GHC currently generates code that works best if the default branch is taken most often.

Pseudo-Code

if (a >= 8)
    return -1;
else {
    if (a < 7) {
        if(a != 1)
            return -1;
        else
            return 33;
    } 
    else
        return 34;
}

CMM:

       c1cr: // global
           if (%MO_S_Ge_W64(R2, 8)) goto c1co; else goto u1cu;
       u1cu: // global
           if (%MO_S_Lt_W64(R2, 7)) goto u1cv; else goto c1cq;
       u1cv: // global
           if (R2 != 1) goto c1co; else goto c1cp;
       c1co: // global
           R1 = (-1);
           call (P64[Sp])(R1) args: 8, res: 0, upd: 8;
       c1cp: // global
           R1 = 33;
           call (P64[Sp])(R1) args: 8, res: 0, upd: 8;
       c1cq: // global
           R1 = 34;
           call (P64[Sp])(R1) args: 8, res: 0, upd: 8;
     }

Wouldn't the following be better?

if(a == 1)
    return 33
else if(a == 7)
    return 34
else
    return -1

I would expect that to

  • Improve the cases:
    • a = 1
    • a < 7
  • Be the same for:
    • a = 7
  • Be worse for
    • a > 8

This would be especially nice for the cases where the default branch is raising a pattern match exception. Which is a code path I wouldn't expect to be taken often nor be very performance sensitive.

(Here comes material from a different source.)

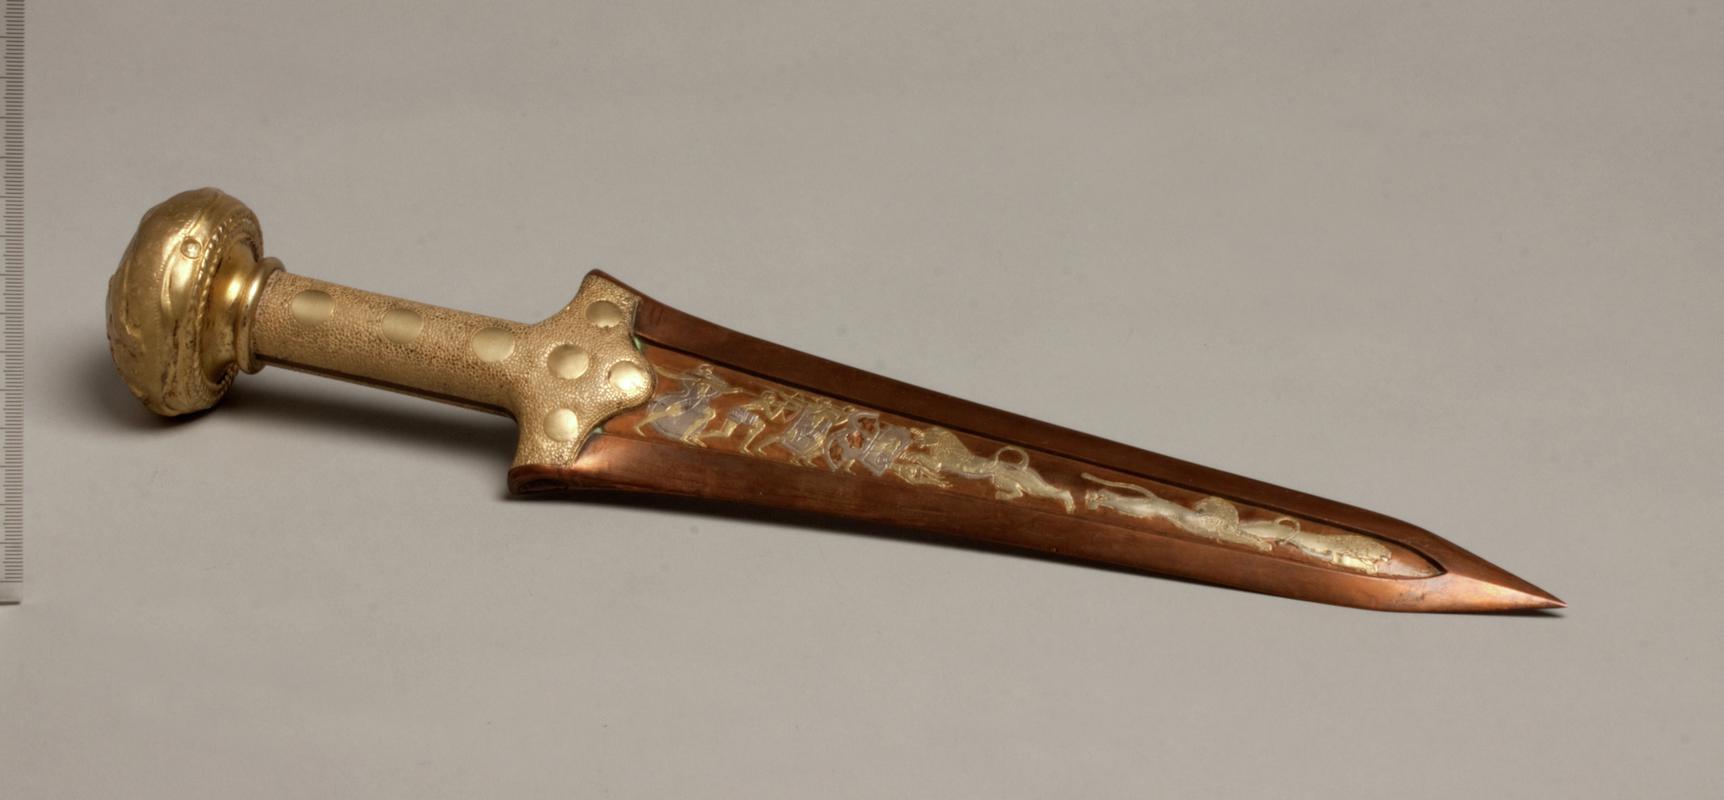 Replica Bronze Age dagger depicting a lion hunting scene

Even if we keep the current logic there is room for improvement. GHC currently creates the following assembly:

_c1cr:
	cmpq $8,%r14
	jge _c1co
_u1cu:
	cmpq $7,%r14
	jl _u1cv
_c1cq:
	movl $34,%ebx
	jmp *(%rbp)
_u1cv:
	cmpq $1,%r14
	jne _c1co
_c1cp:
	movl $33,%ebx
	jmp *(%rbp)
_c1co:
	movq $-1,%rbx
	jmp *(%rbp)

It would be nice if we could remove one comparison at least.

_c1cr:
	cmpq $7,%r14
	jg _c1co
_u1cu:
	;No longer neccesary cmpq $7,%r14
	jl _u1cv
_c1cq:
	movl $34,%ebx
	jmp *(%rbp)
_u1cv:
	cmpq $1,%r14
	jne _c1co
_c1cp:
	movl $33,%ebx
	jmp *(%rbp)
_c1co:
	movq $-1,%rbx
	jmp *(%rbp)

Change History (16)

comment:1 Changed 21 months ago by simonpj

Looks plausible to me. I wonder how we'd measure any potential benefit?

comment:2 Changed 21 months ago by AndreasK

It should also be possible to see the difference using criterion or instruction counters when running affected code in a tight loop.

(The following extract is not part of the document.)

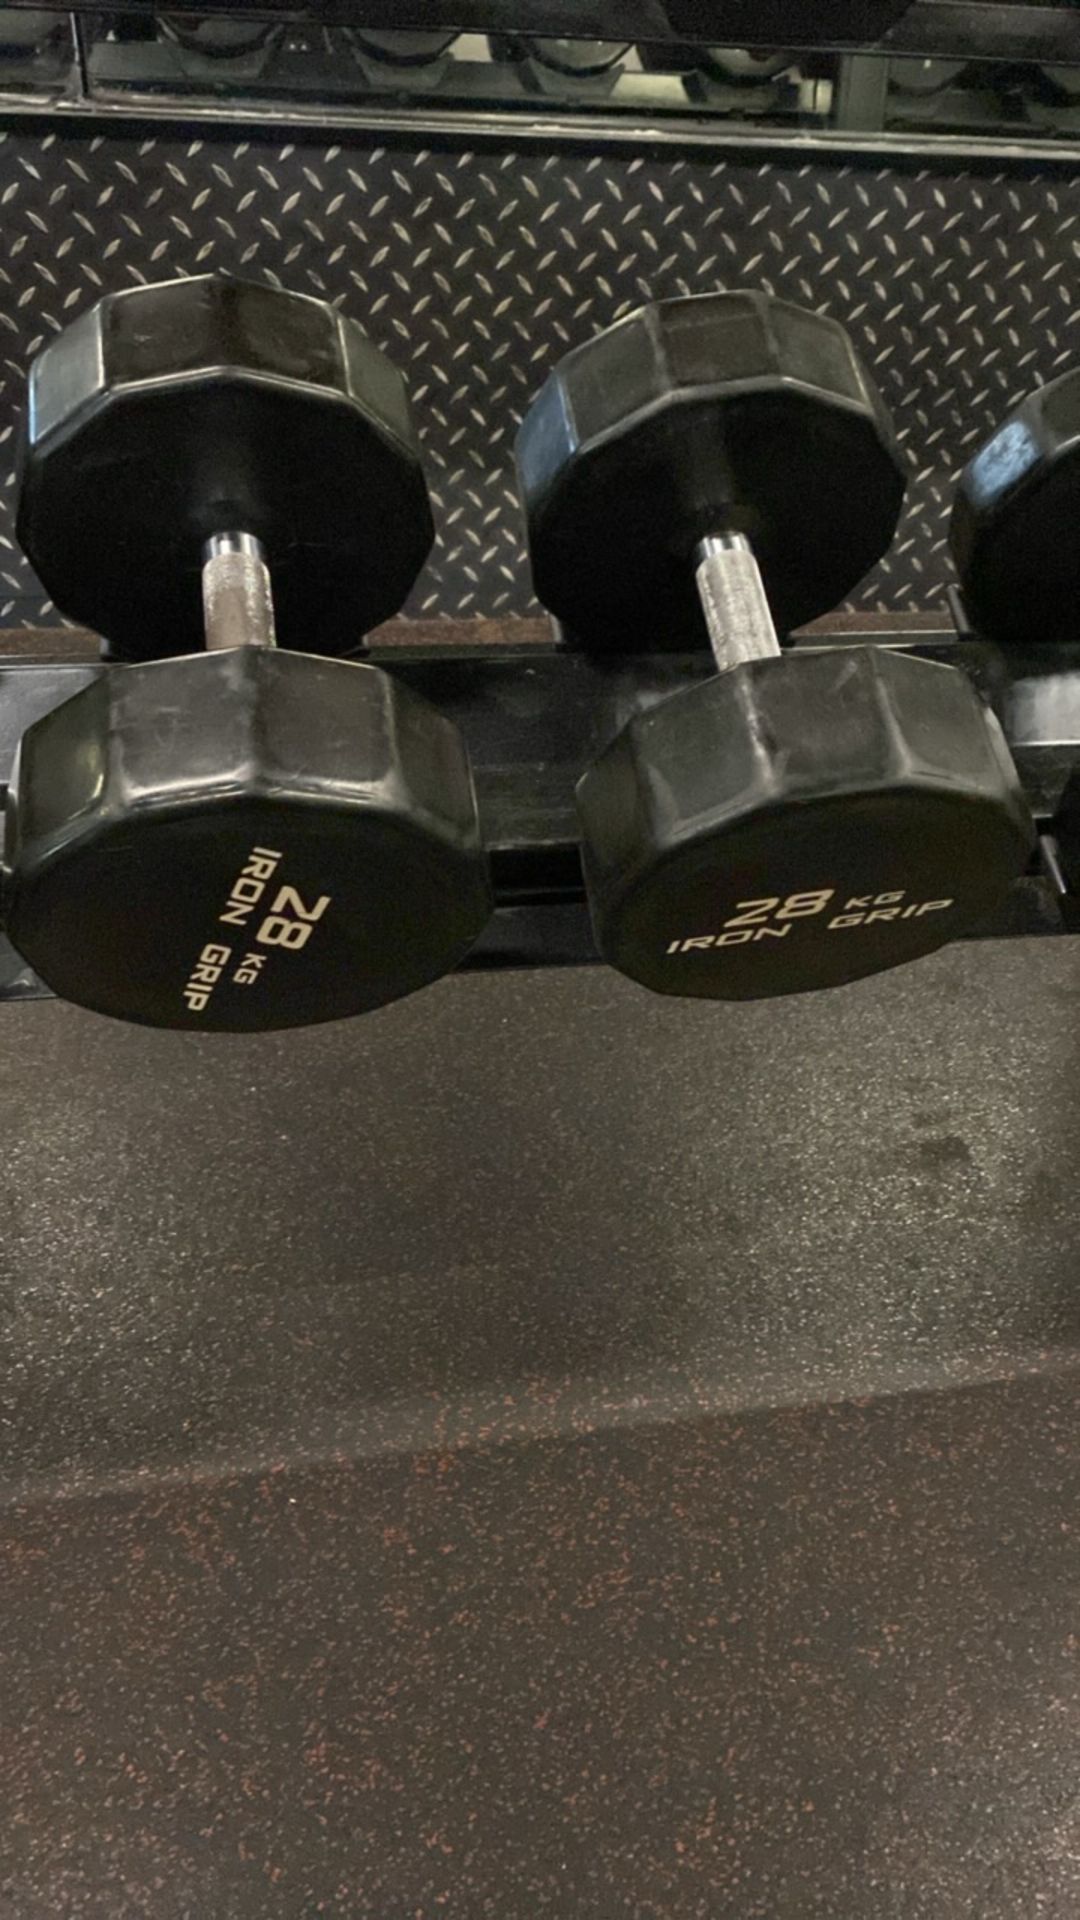 Iron Grip Dumbell Set 28kg, 30kg - Image 4 of 5

I will take a stab at changing the logic to if ... else if ... else for these cases. I think that's a good starting point to learn how Cmm works inside GHC.

comment:3 Changed 21 months ago by svenpanne

I am not sure if things are that easy: To do these kind of switches in a really good way, one would need a probability distribution how often the individual cases actually happen.

If we e.g. assume that all Ints happen equally often in the example above, it would be best to check for <1 and >7 first, so we would get roughly 1.5 comparisons on average. Depending on the number of registers available, you can even get away with 1 subtraction and 1 unsigned comparison for this range check, a classic C hack (ab)using wrap-around for unsigned ints.

If we have some hints, e.g. raising a pattern matching exception, we could do better, e.g. assume 0% probability for this case. If we have more detailed (estimated) probabilities, we could do a Huffman-like decision tree. This is where profile-guided optimization shines.

Additional things to consider: Performance in tight loops is often vastly different, because branch prediction/caching will most likely kick in visibly. Correctly predicted branches will cost you almost nothing, while unknown/incorrectly predicted branches will be much more costly. In the absence of more information from their branch predictor, quite a few processors assume that backward branches are taken and forward branches are assumed to be not taken. So code layout has a non-trivial performance impact.

Instruction counts are quite misleading nowadays...

comment:4 in reply to:  3 Changed 21 months ago by AndreasK

Replying to svenpanne:

I am not sure if things are that easy: To do these kind of switches in a really good way, one would need a probability distribution how often the individual cases actually happen.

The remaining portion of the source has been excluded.